The plans put the Mansour Group in the middle of a tug-of-war between the US and China over the emerging market for electric vehicles. Chinese businesses across industries are seeking to secure access to African markets.

Mr Mansour, who recently attended an “eye-opening” Cop27 climate conference in Sharm El Sheikh, said: “We want to be among the entrepreneurs that pushes electrical vehicles into Egypt. I think by 2023 we’ll make an announcement about starting production.

“I went and visited facilities in Shanghai, with SAIC, a motor company that we represent.
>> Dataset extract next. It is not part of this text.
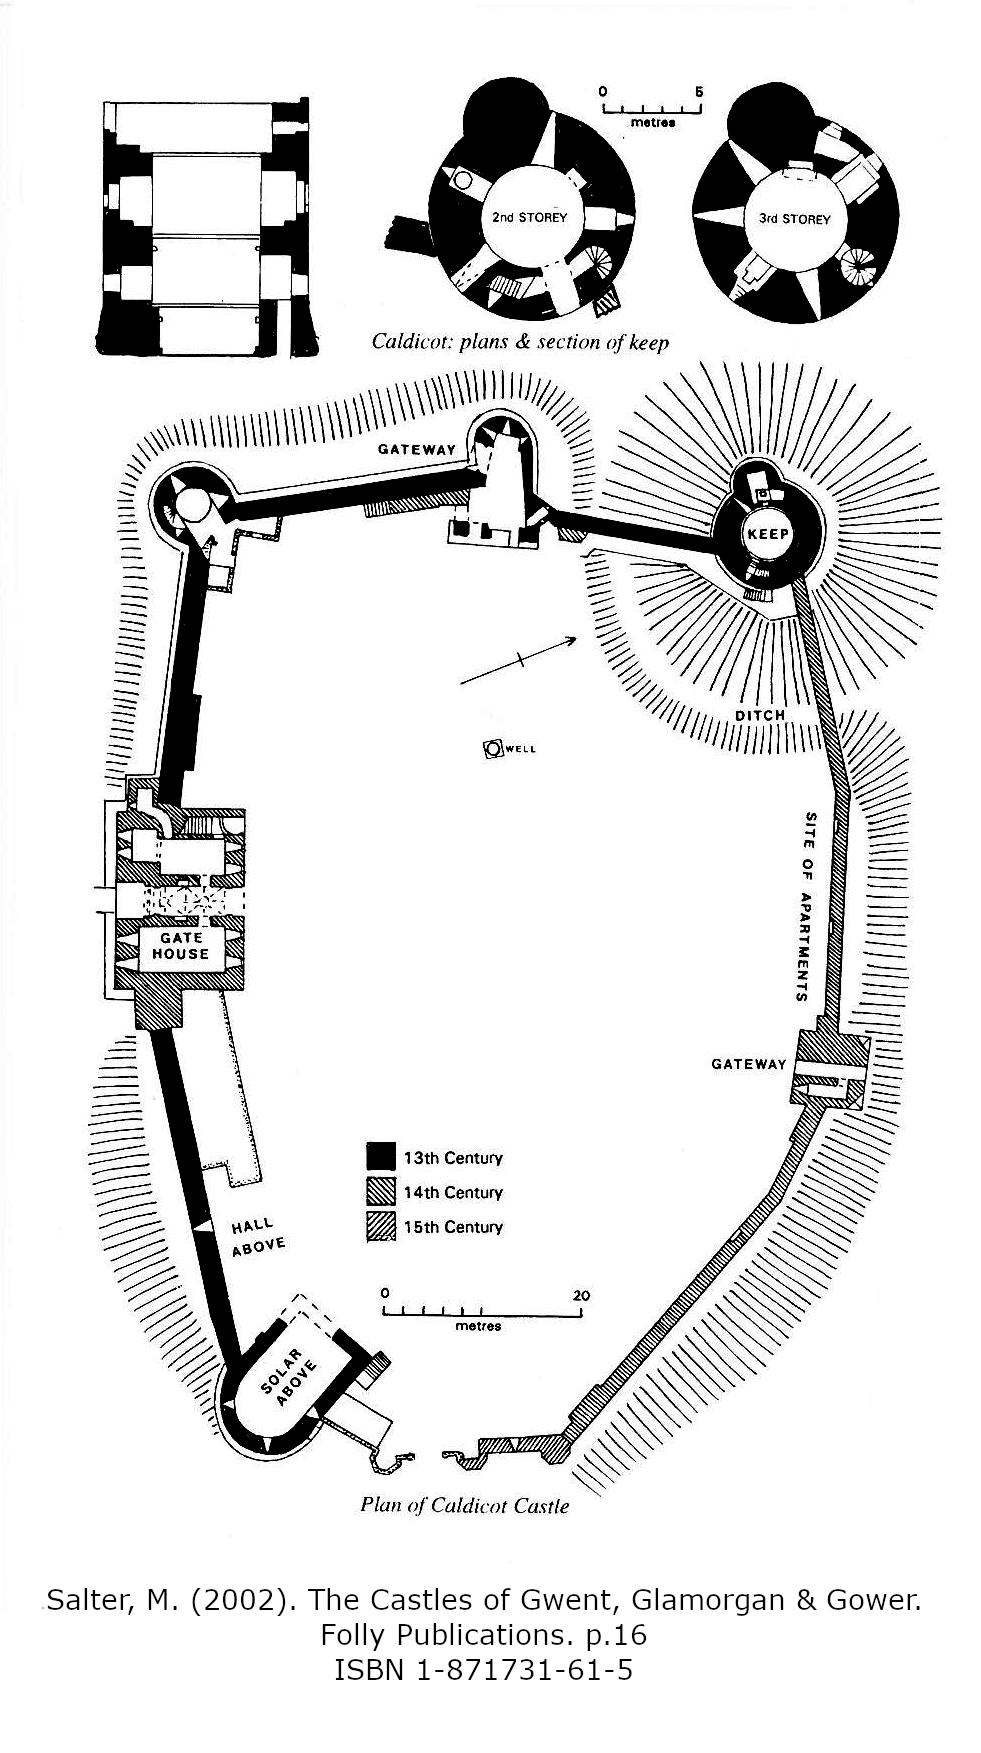 Caldicot Castle Monmouthshire Wales Site Plan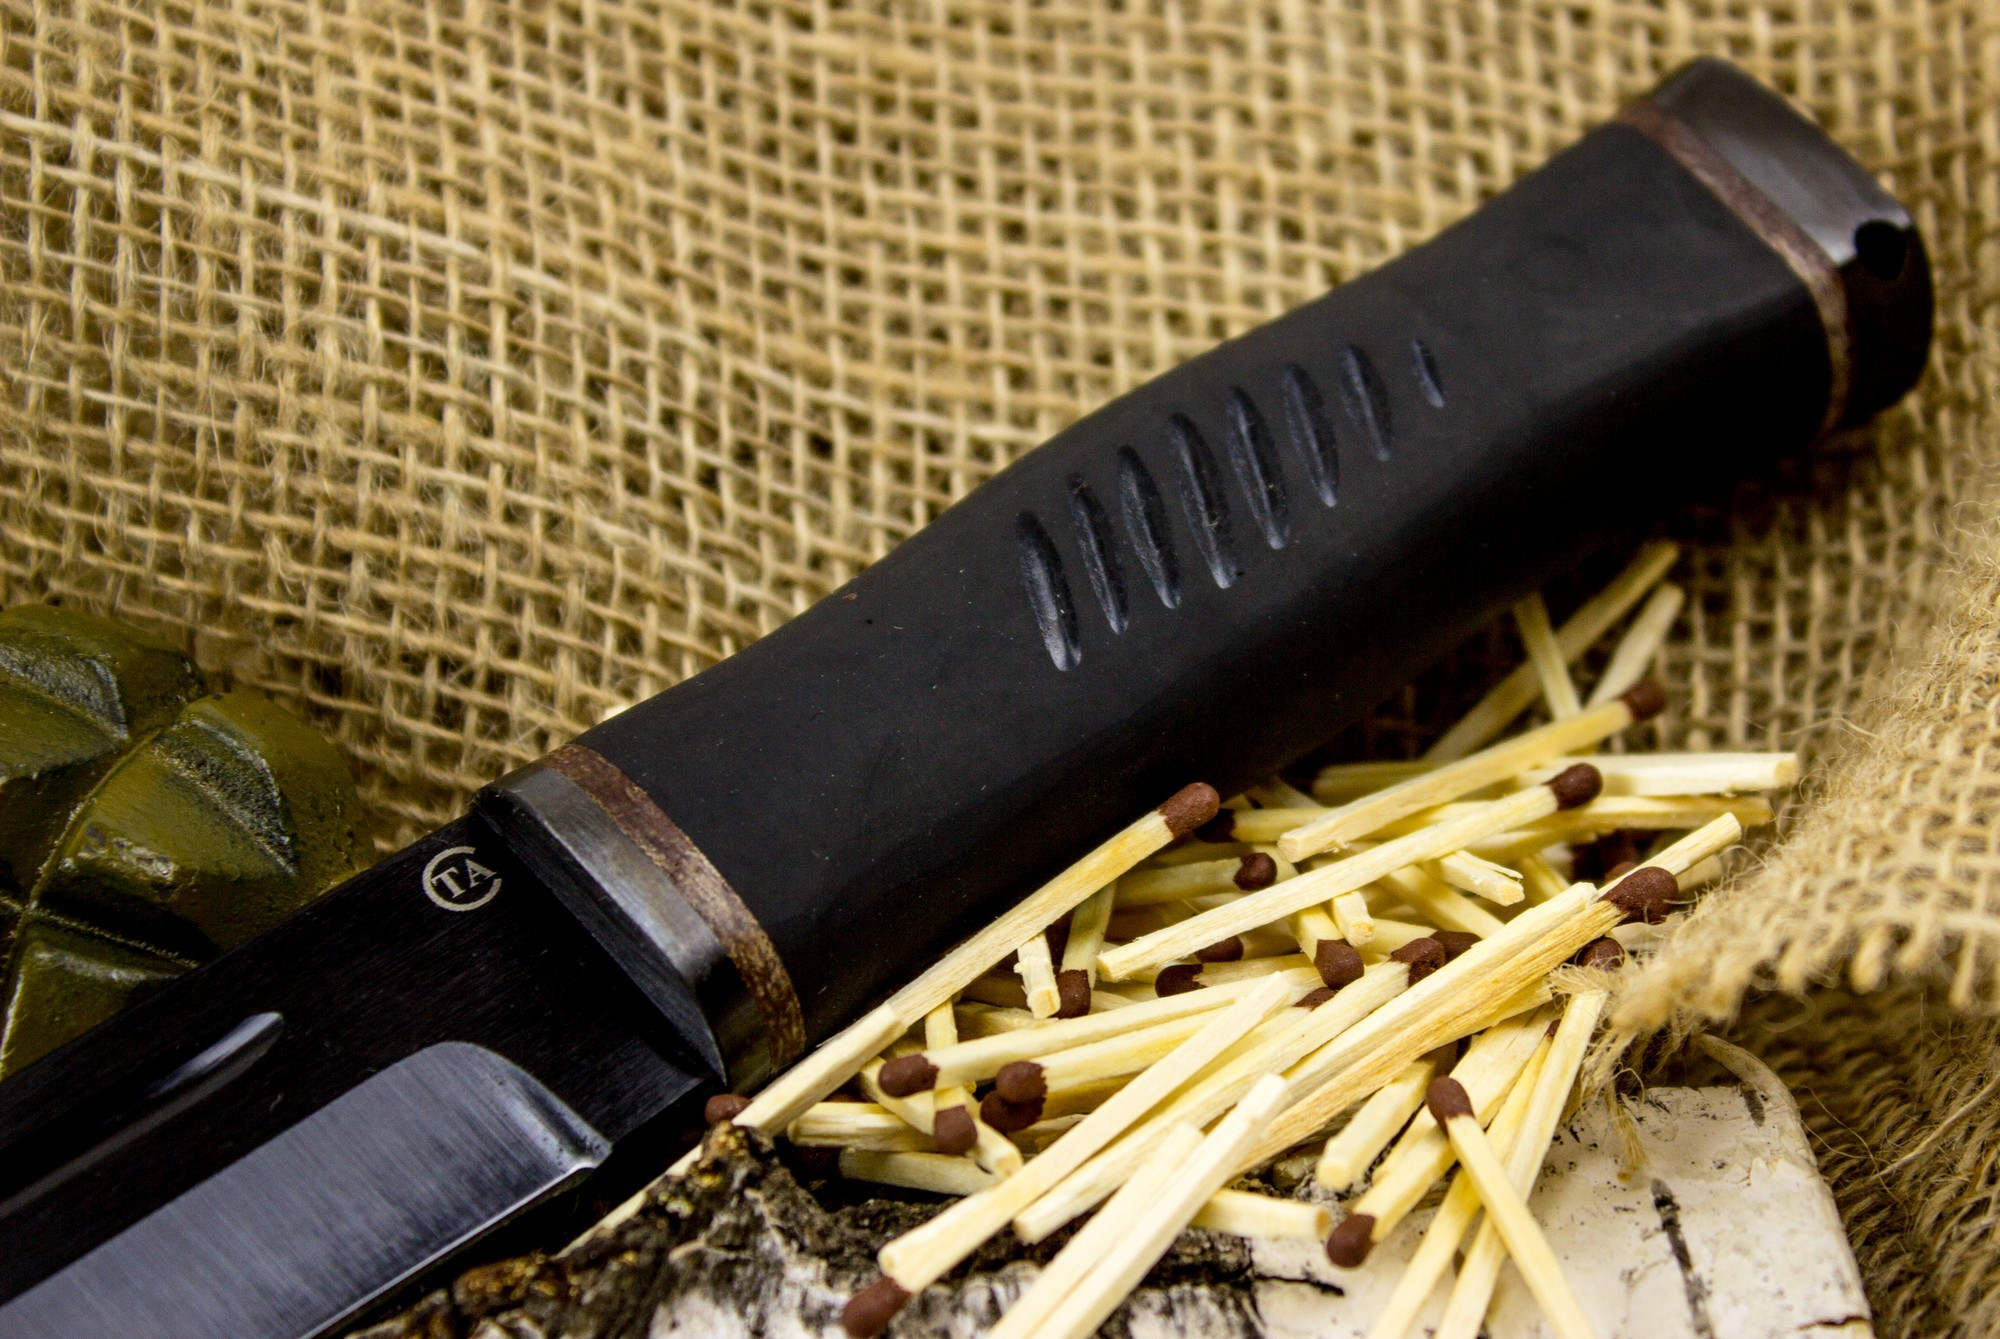 Фото 4 - Нож Горец-2, сталь 65Г, резина от Титов и Солдатова

They are pushing hard into the market.

“But the line of electric Cadillac cars, which we provided to Cop delegates, is amazing. So I think the Americans are also taking a lead. We will see which of these fits best in the Egyptian environment and take it from there.”

While their business has become global, the family’s links to the Egyptian elite remain strong. Last year Mr Mansour, who served as transport minister under Hosni Mubarak, was appointed by the current president, Abdel-Fatteh El-Sisi, to the board of trustees for the Grand Egyptian Museum, a new home for the country’s greatest treasures, due to open in spring.

The appointment could thrust him into a debate over the fate of the Rosetta Stone, the Egyptian artefact which allowed the translation of hieroglyphics and is held by the British Museum. There are growing calls in Egypt for its return.

Mr Mansour would not be drawn on what should happen between his country of birth and his adopted home.

He said: “A lot of Egyptian artefacts are outside the country. Not only in the UK but a lot of places.”